= David Miller (architect) =

American architect (born 1944)

David E. Miller (born 1944) is an American architect. He is a co-founder, with Robert Hull of the Miller/Hull Partnership (a Pacific Northwest firm), and an architecture professor at the University of Washington where he served as Chair of the UW Department of Architecture from 2007 to 2015.

Miller was born in Des Moines, Iowa. He received a Bachelor of Architecture B.Arch. from Washington State University in 1968, then worked in Brasília as a Peace Corps volunteer. He next studied at the University of Illinois and received his Master of Architecture M.Arch. in 1972. After graduation, Miller worked for Canadian architect Arthur Erickson. He moved to Seattle in 1977 to open a branch office of Rhone & Iredale. In 1980, Miller and Robert Hull took the office independent and renamed it the Miller/Hull Partnership.

In 1990 Miller joined the faculty of the UW Department of Architecture as an associate professor; he was promoted to full professor in 1998. He became Chair of the department in summer 2007, serving for eight years. He stepped down as chair in June 2015. After sabbatical leave, Miller returned to teaching as a member of the architecture faculty.

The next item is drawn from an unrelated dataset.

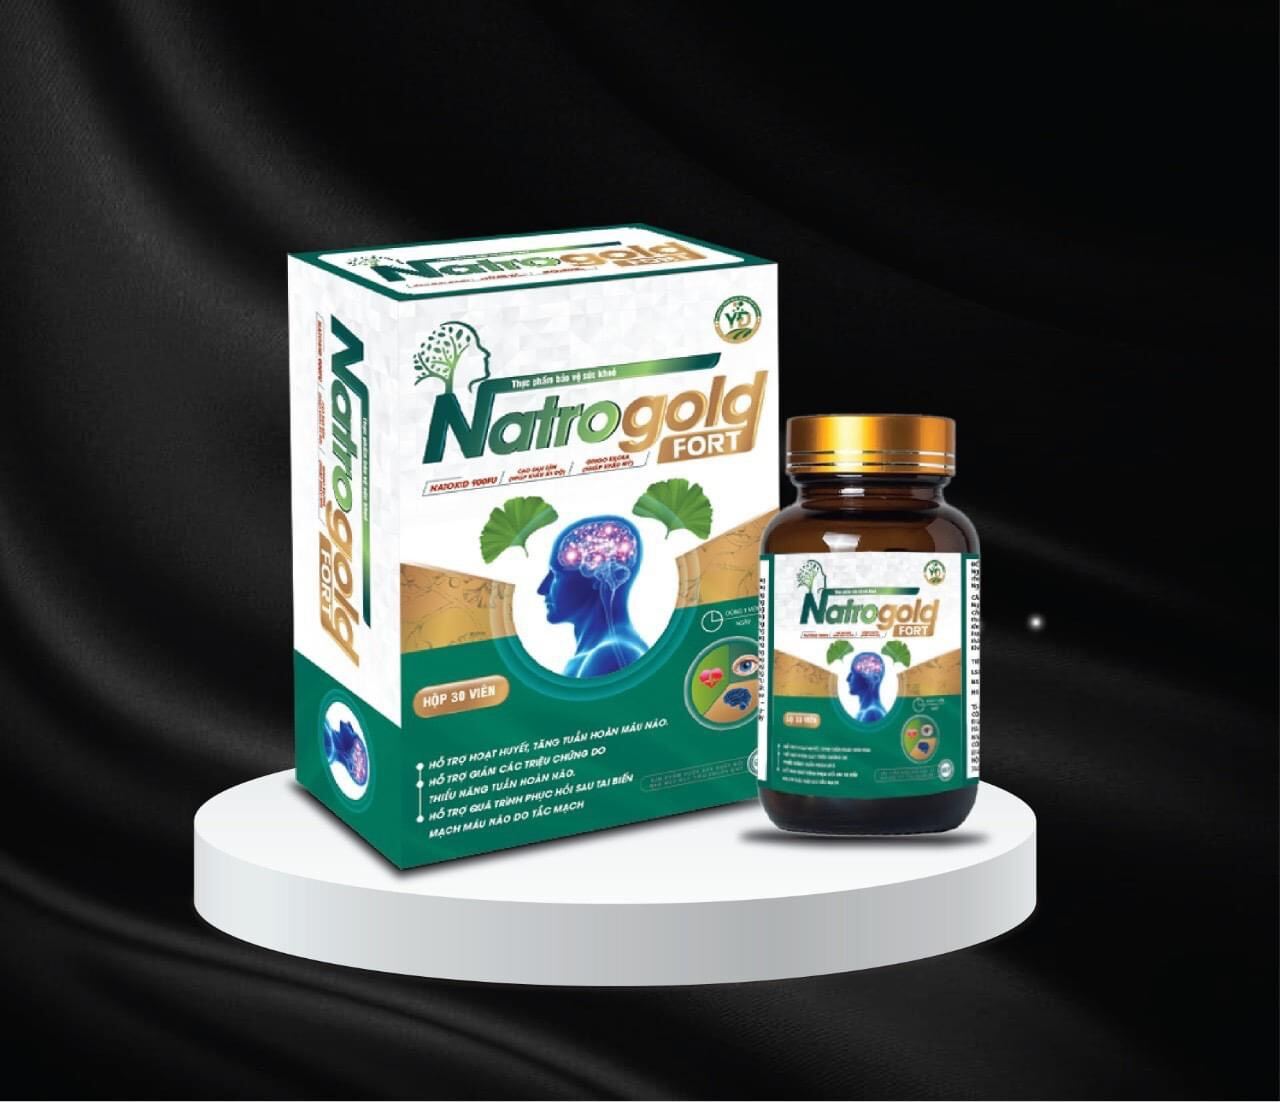 Viên uống bổ não NatroGold Fort 30 viên nguyên liệu Gingko nhập khẩu Mỹ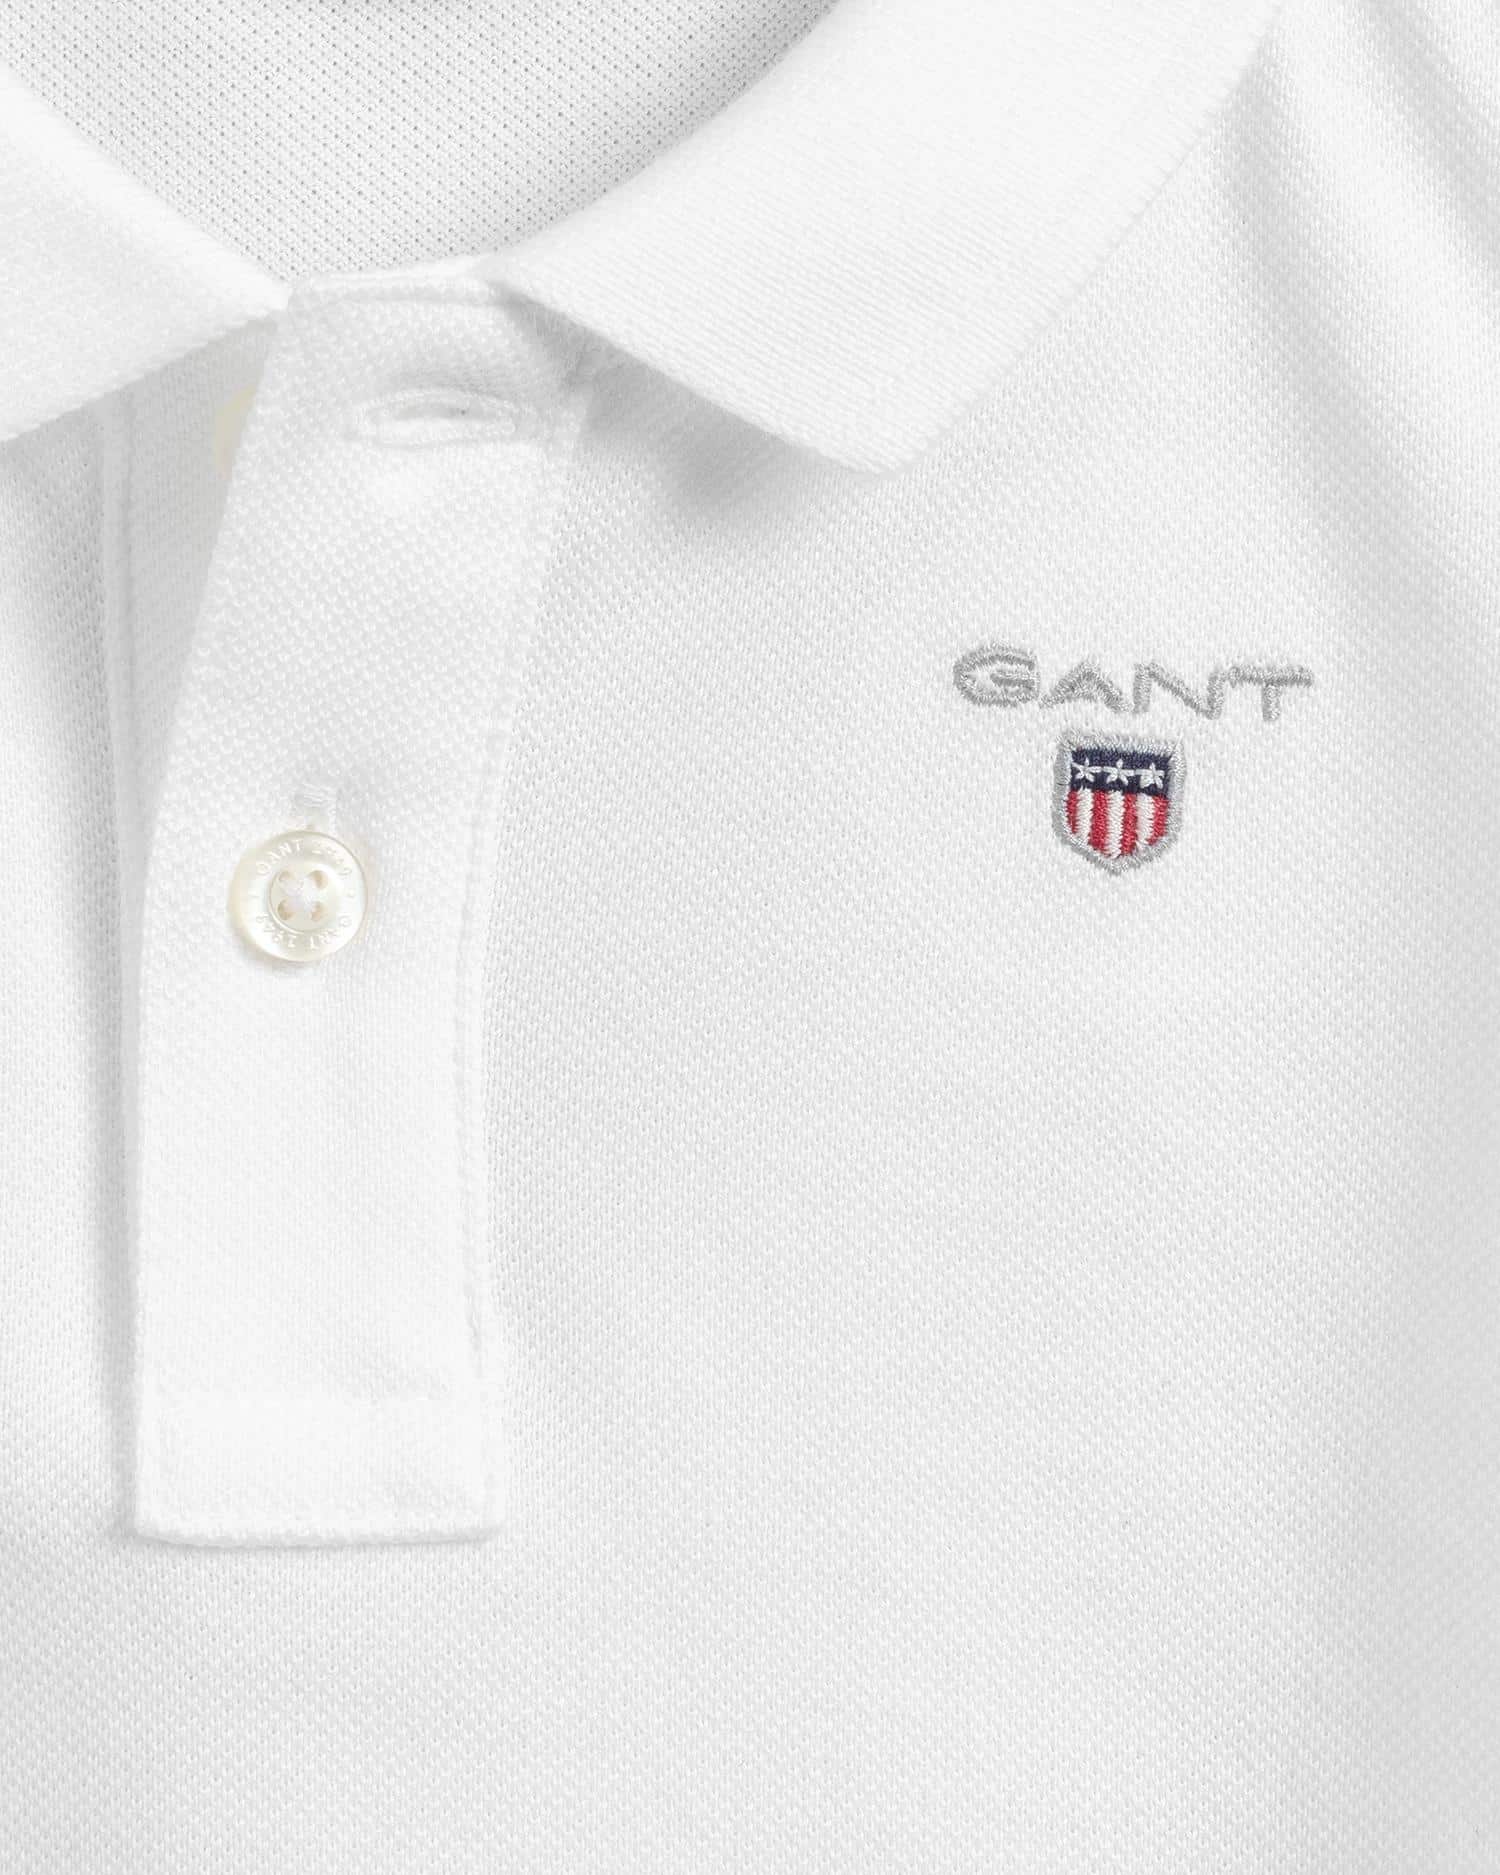 Gant boys white polo shirt with small logo

Miller continues to practice architecture at Miller/Hull.

==Honors==
Miller spoke at the Spotlight on Design Lecture Series held at the National Building Museum in 2003.

Miller became a Fellow of the American Institute of Architects in 1994. Miller/Hull was selected for the AIA Architecture Firm Award, the highest award the national AIA can give to an architecture firm, in 2003. David Miller and Robert Hull were co-recipients of the Washington State University Regents' Distinguished Alumnus Award in 2007. In 2010 Miller and Hull were co-recipients of the AIA Seattle Chapter Medal.

Miller's book, Toward a New Regionalism: Environmental Architecture in the Pacific Northwest (2005) offers the theoretical background for his approach to design. The book was a Finalist for the 2006 Washington State Book Award in General Nonfiction.